Prodger, assim, tem em seus registros “defeituosos” através dos grandes e


evidentes pixels a representação figurativa do que se constrói o seu ser. São partes
e fragmentos de algo em constante movimento, diverso e contrastante, originados
das reminiscências de si própria durante toda a vida e que ali estão e persistem a
serem vistos. Há também elementos contrastantes – neve e sol; estrada e
cachoeira; natureza e progresso – que representam toda a frágil ambiguidade em
que ela se expõe, e é assim que a mesma decide por compartilhar a sua história.
Tão íntima é sua expressão artística que ouvimos, por muitas vezes, frases com sua
própria voz que descrevem as imagens impressas à tela ou relatos de ações
sequenciais tão confusas que nos transporta diretamente a um universo difuso e
pulsante, algo tal como o próprio inquieto cérebro da artista.

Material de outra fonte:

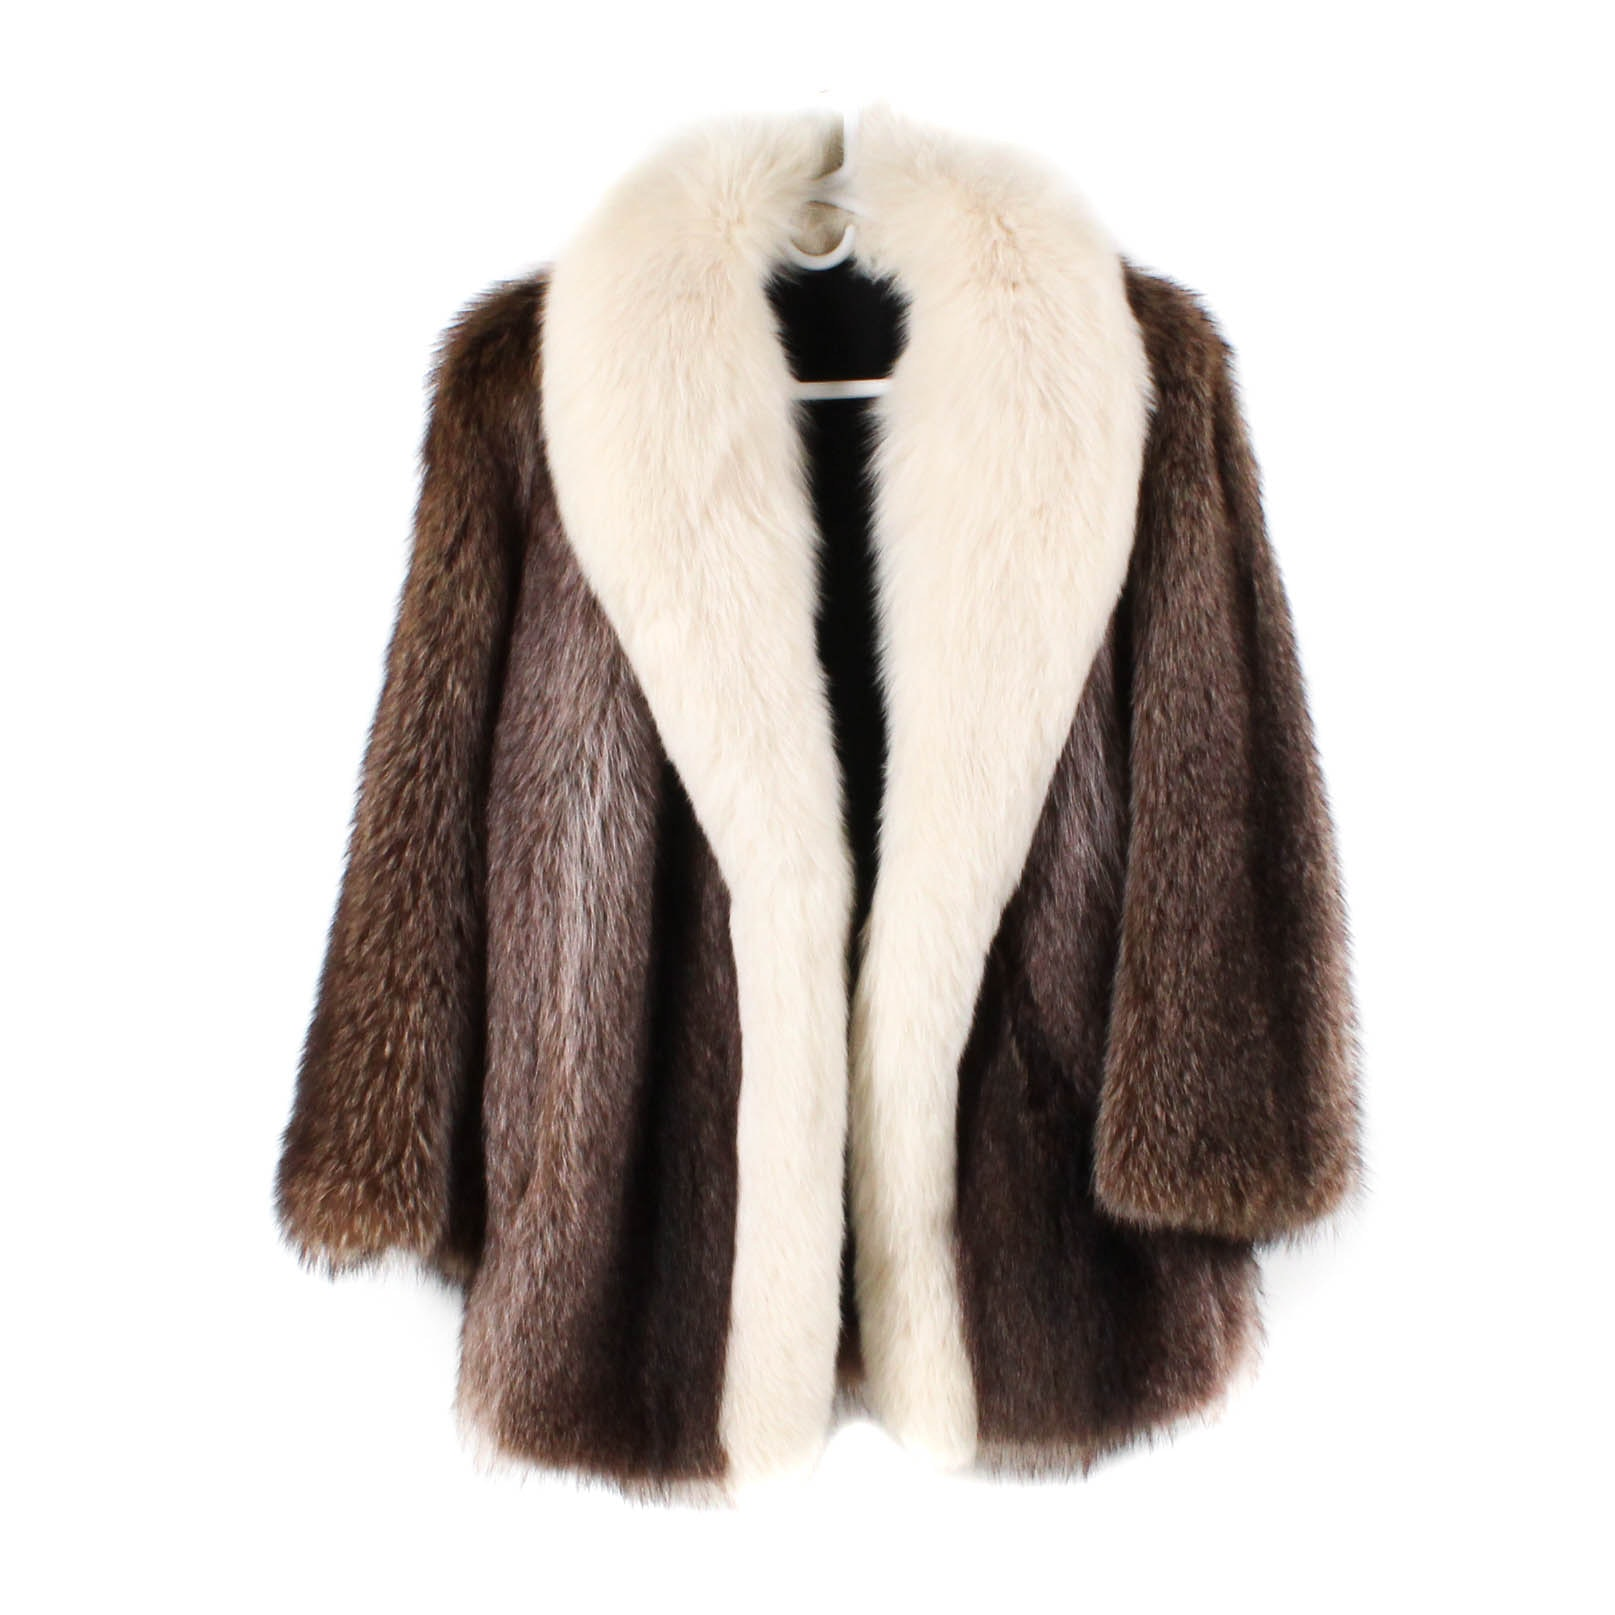 Raccoon Fur Stroller Trimmed in White Fox Fur

Outra forte relação de vivência e memória proposta pela artista é a partir das
inserções pontuais de imagens de janelas – sempre de dentro a olhar para fora – de
locais em que viveu ou trabalhou em Glasgow, na Escócia. Ainda assim, tendo a
total percepção de que ela está no interior de um ambiente e sabendo o caráter
autobiográfico de sua própria visão de mundo em suas imagens, não há nunca uma
visão nítida para o externo. Em todas as inserções de tais lugares tão íntimos a ela
ainda carregam barreiras, linhas ou pilares.

Em qualquer das oito localidades há o bloqueio da visão ampla, reforçando,


mais uma vez, como esse íntimo é composto por partes justapostas que completam
um todo, ainda que esse todo seja moldado sempre com bloqueios e inserções entre
as partes. Inclusive, a forma com que essas inserções são feitas, e até a unidade no
aspecto de design na representação gráfica de cada uma das ruas, também marcam
o filme tal como capítulos, partes de um todo que se junto com essas “barreiras” do
olhar. A própria construção da obra torna-se ainda mais um elemento de linguagem
a reforçar o conceito de fragmentação pessoal da autora.
Cabe ainda o destaque para as poucas partes em que se vê fisicamente
Charlotte em seu próprio filme. Como há de se apresentar a realizadora, a partir de
sua fisionomia, se já seguimos durante o filme todos os aspectos emocionais e
internos da mesma? Para tanto, quando opta por dar rosto a aquele olho que
captura e registra as imagens, nunca há uma visão lúcida.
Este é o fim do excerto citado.